30 Voorts zeide hij: Dat toch de Heere niet ontsteke, dat ik spreke; misschien zullen aldaar dertig gevonden worden! En Hij zeide: Ik zal het niet doen, zo Ik aldaar dertig zal vinden.
And he says, “Please let it not be displeasing to the Lord, and I speak: perhaps there are found there thirty?” And He says, “I do not do [it], if I find there thirty.”
31 En hij zeide: Zie toch, ik heb mij onderwonden te spreken tot de Heere; misschien zullen er twintig gevonden worden! En Hij zeide: Ik zal haar niet verderven om der twintigen wil.
And he says, “Now behold, I have willed to speak to the Lord: perhaps there are found there twenty?” And He says, “I do not destroy [it], because of the twenty.”
32 Nog zeide hij: Dat toch de Heere niet ontsteke, dat ik alleenlijk ditmaal spreke: misschien zullen er tien gevonden worden. En Hij zeide: Ik zal haar niet verderven om der tienen wil.
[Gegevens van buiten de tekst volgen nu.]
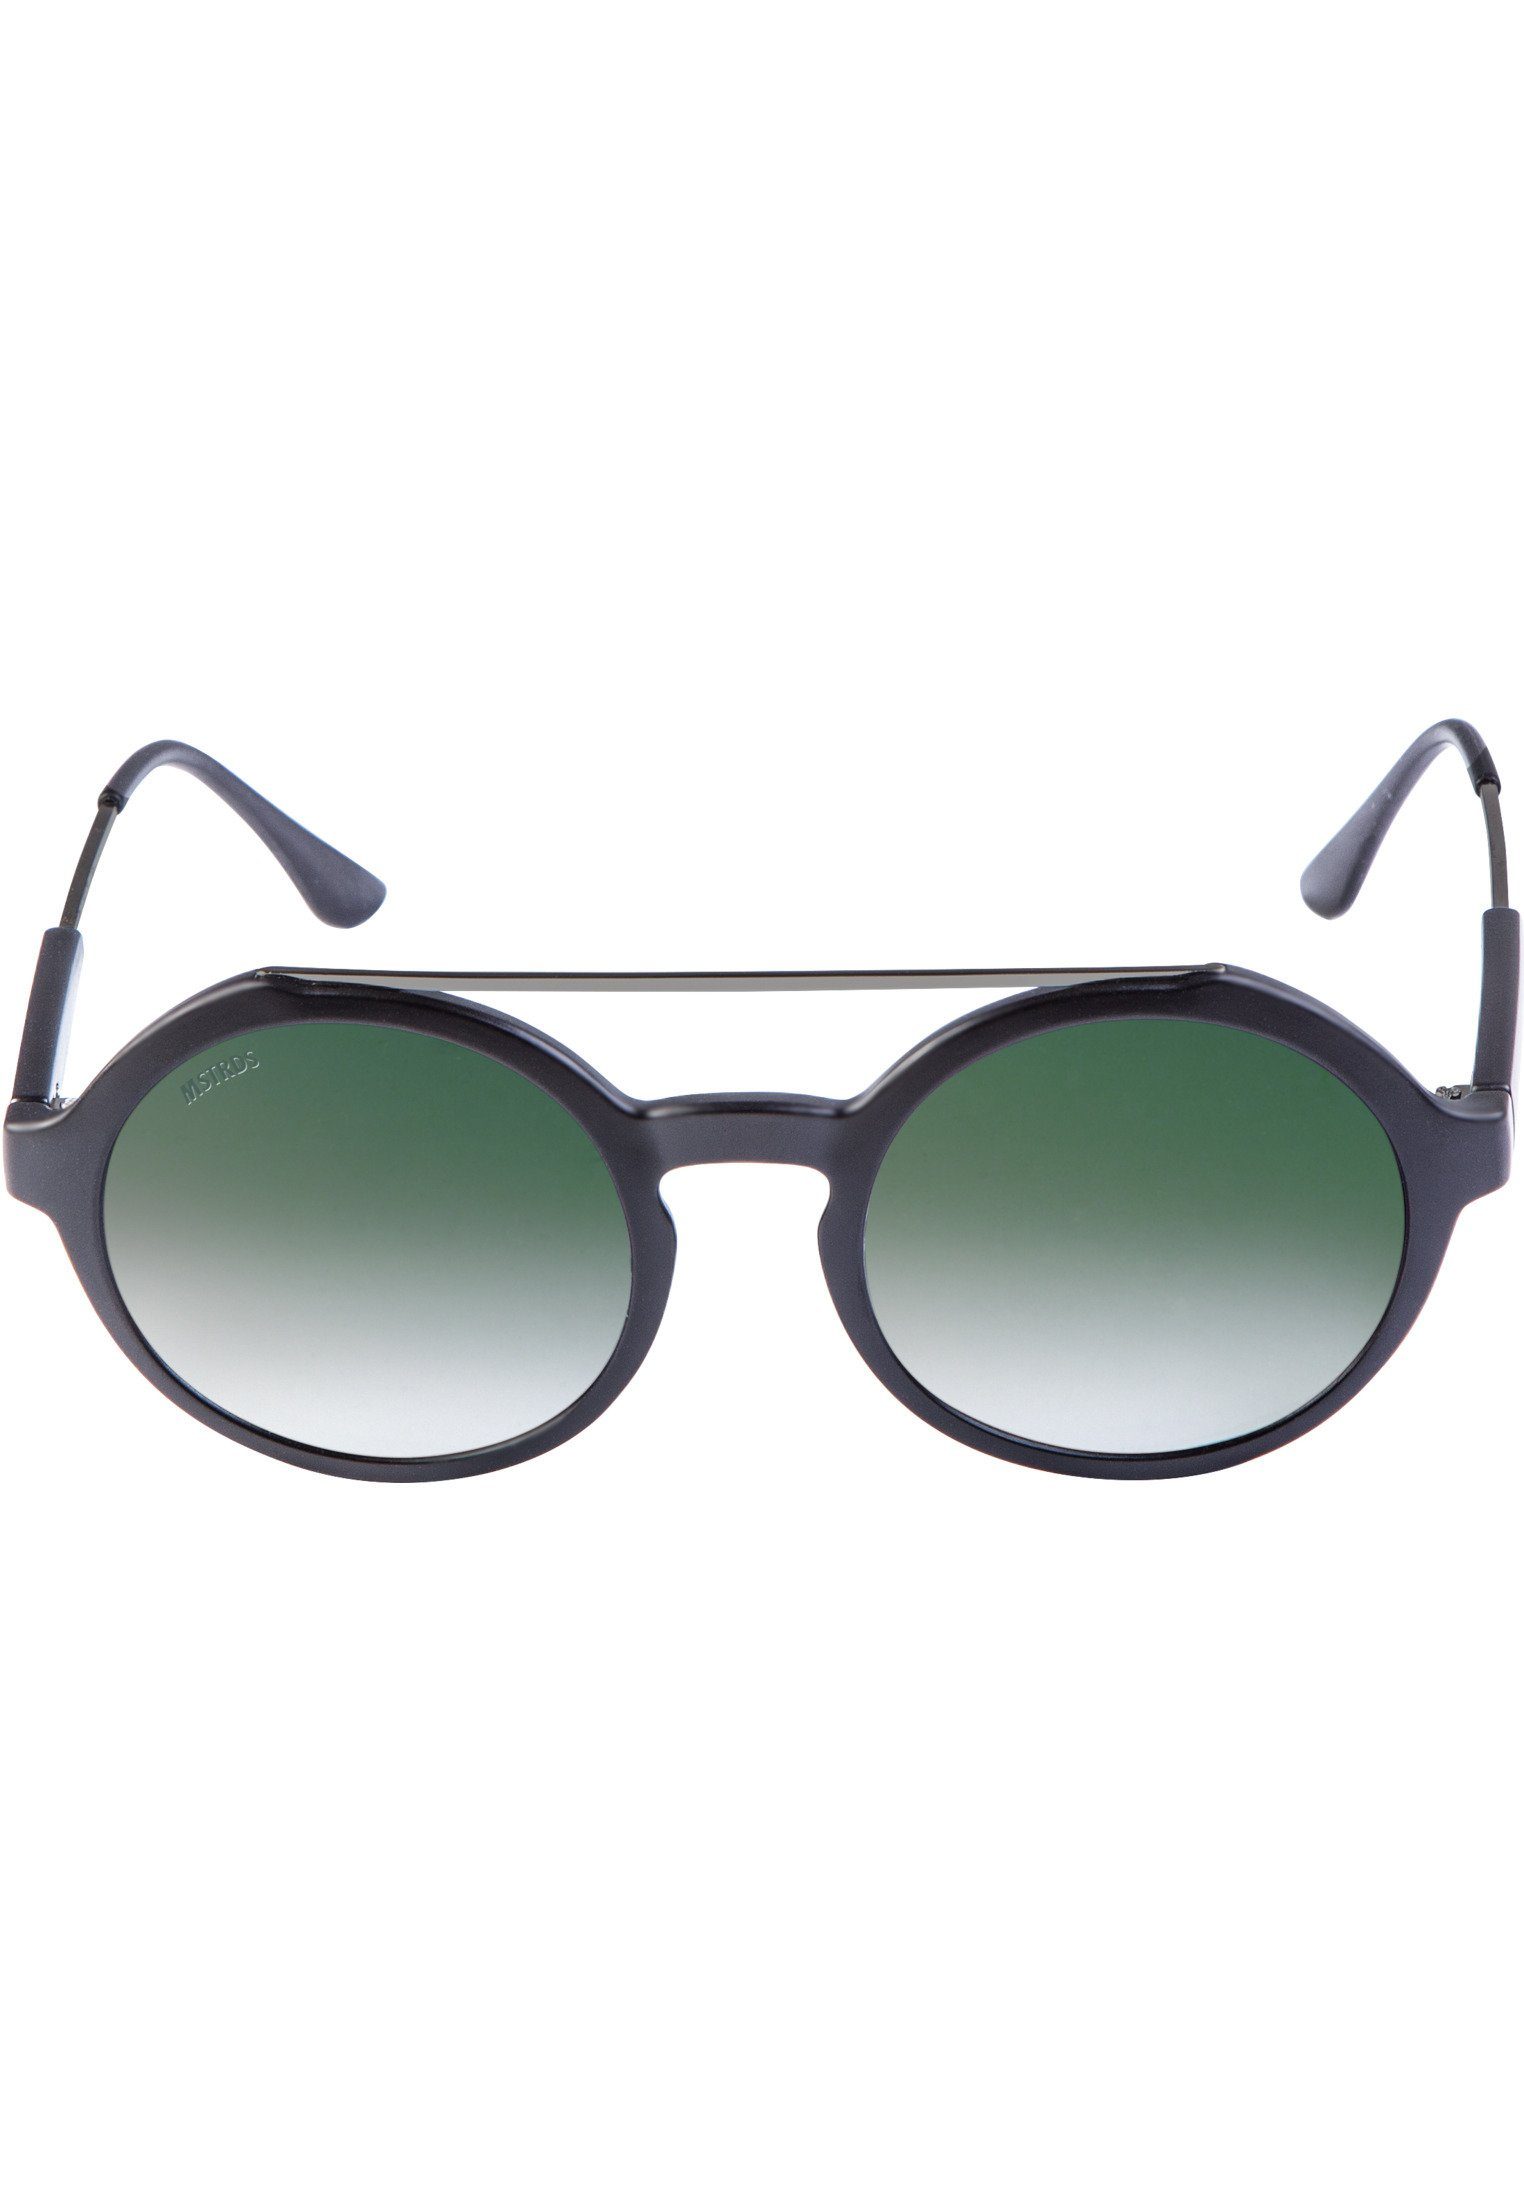 MSTRDS Sonnenbrille Accessoires Sunglasses Retro blk/grn Space

And he says, “Please let it not be displeasing to the Lord, and I speak only this time: perhaps there are found there ten?” And He says, “I do not destroy [it], because of the ten.”
33 Toen ging de HEERE weg, als Hij geeindigd had tot Abraham te spreken; en Abraham keerde weder naar zijn plaats.
And YHWH goes on, when He has finished speaking to Abraham, and Abraham has turned back to his place.